SAN BENEDETTO DEL TRONTO – Alla guida del Comune fino alla primavera del 2016. Giovanni Gaspari avrebbe ribadito questa intenzione alla sua maggioranza nel corso della riunione di mercoledì sera.
Una volontà che, se confermata, escluderebbe definitivamente il sindaco dalla corsa per un posto in consiglio regionale, a tutto vantaggio dell’assessore Fabio Urbinati, nome che i renziani sposano da mesi.
Ma per ora tutto è fermo, almeno fino a quando non verrà individuato il candidato alla presidenza di Palazzo Raffaello. Gli aspiranti consiglieri restano così in stand-by, senza sbilanciarsi troppo, perché le carte in tavola potrebbero mutare in base alle mosse del partito.
Il Pd ha tempo sino al weekend per individuare una figura capace di accontentare tutte le anime, altrimenti verrà immediatamente indetta la data delle primarie.

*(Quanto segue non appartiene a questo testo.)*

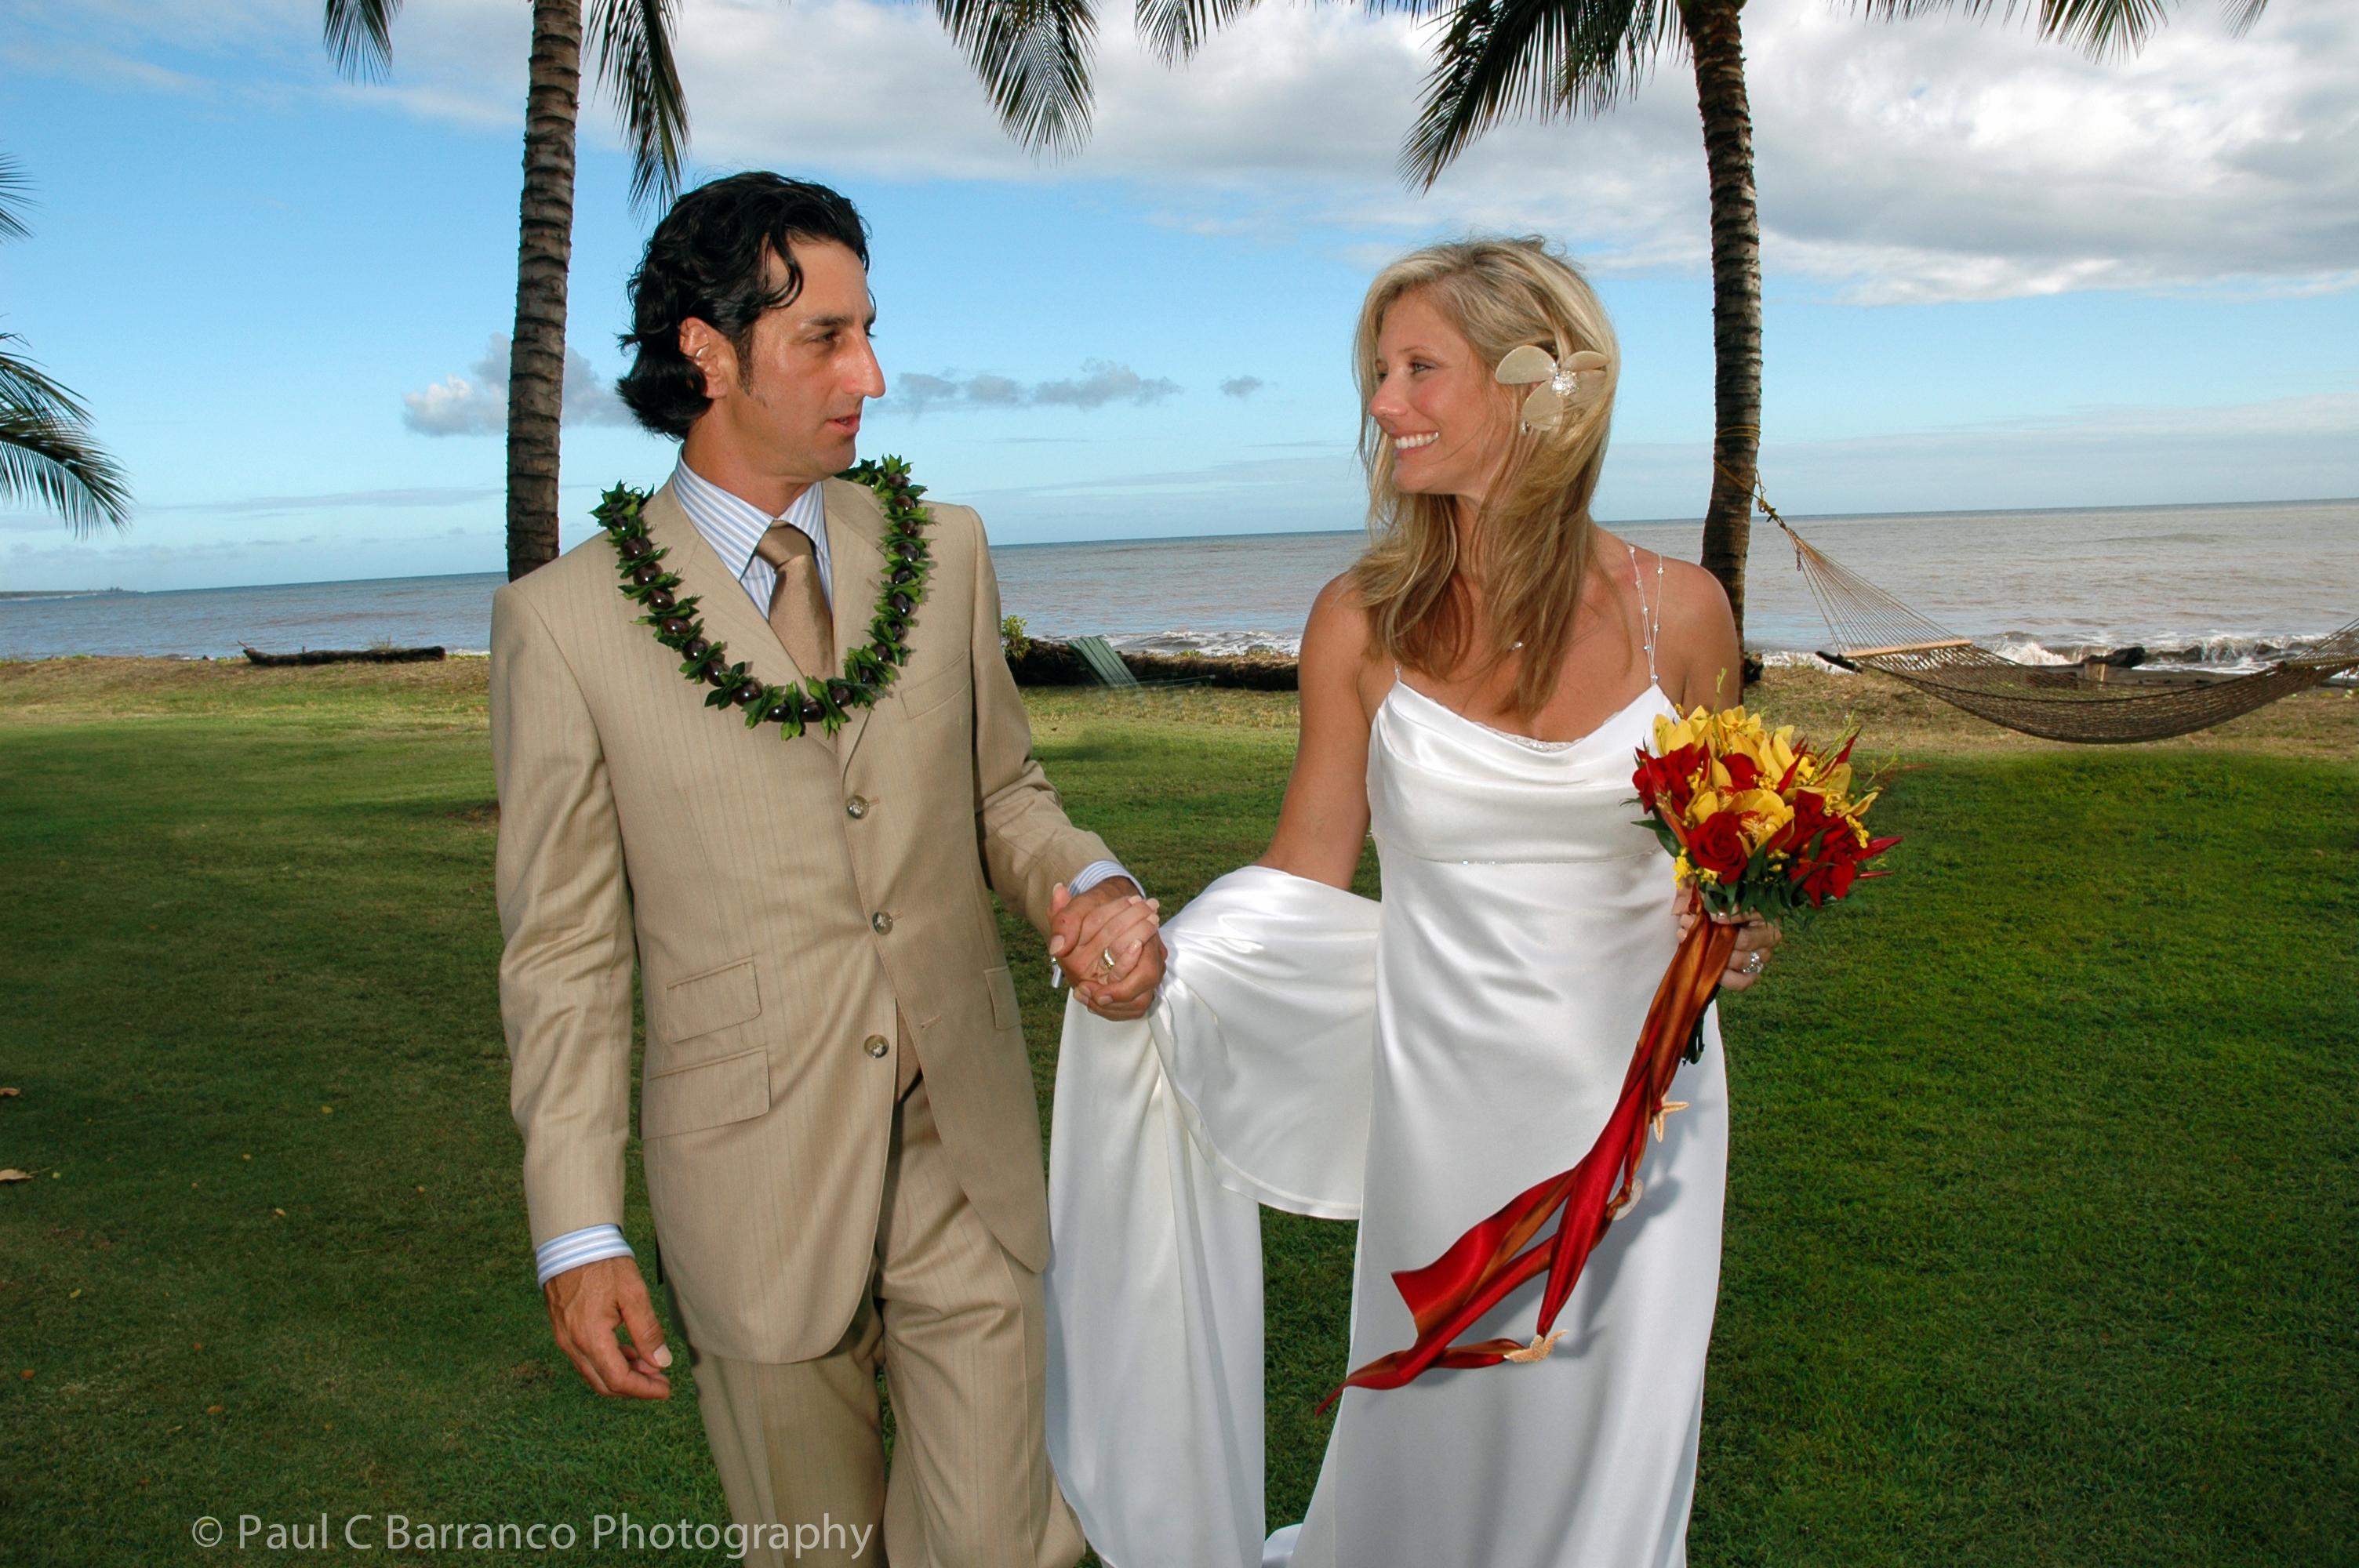 wedding_Port_PCB-4.jpg

Le chance del sindaco sambenedettese sono strettamente legate alle sorti di Gian Mario Spacca, ad oggi tagliato fuori dai giochi. Una fronda degli iscritti ritiene inoltre non spendibile l’immagine del primo cittadino a livello mediatico, considerata la sua recente condanna in Appello da parte della Corte dei Conti. Ci sono poi i Socialisti, che mettono il veto sul terzo mandato del governatore uscente e intendono riproporre per le elezioni il ticket con i Verdi, varato con successo nel 2011.
Durante il confronto si è pure buttato un occhio alle Amministrative dell’anno prossimo. Il centrosinistra intenderebbe costituire tavoli di lavoro pubblici (già promessi dalla segretaria Pd Sabrina Gregori in campagna elettorale e mai varati) per la realizzazione del programma di mandato. Verrebbero invitati professionisti ed esponenti culturali, anche non iscritti, per dare consigli sulla città del domani.
Nel frattempo, il Pd dovrà abbandonare la sede di Via Balilla. Il trasloco partirà domenica prossima, all’indomani dello sfratto inoltrato dal Comune di Montalto, proprietario del locale. Il contratto fu stipulato nel 2006 dall’associazione Uniti dell’Ulivo e il buco ammonterebbe a 8 mila euro.
Una cifra contestata dal Pd, che rimarca le distanze da quell’operazione e riconosce l’esistenza di arretrati, ma non superiore ai 4 mila euro. Il partito, che pagava un affitto di 225 euro al mese, può comunque contare sulla struttura di Via Manara, di cui è proprietario.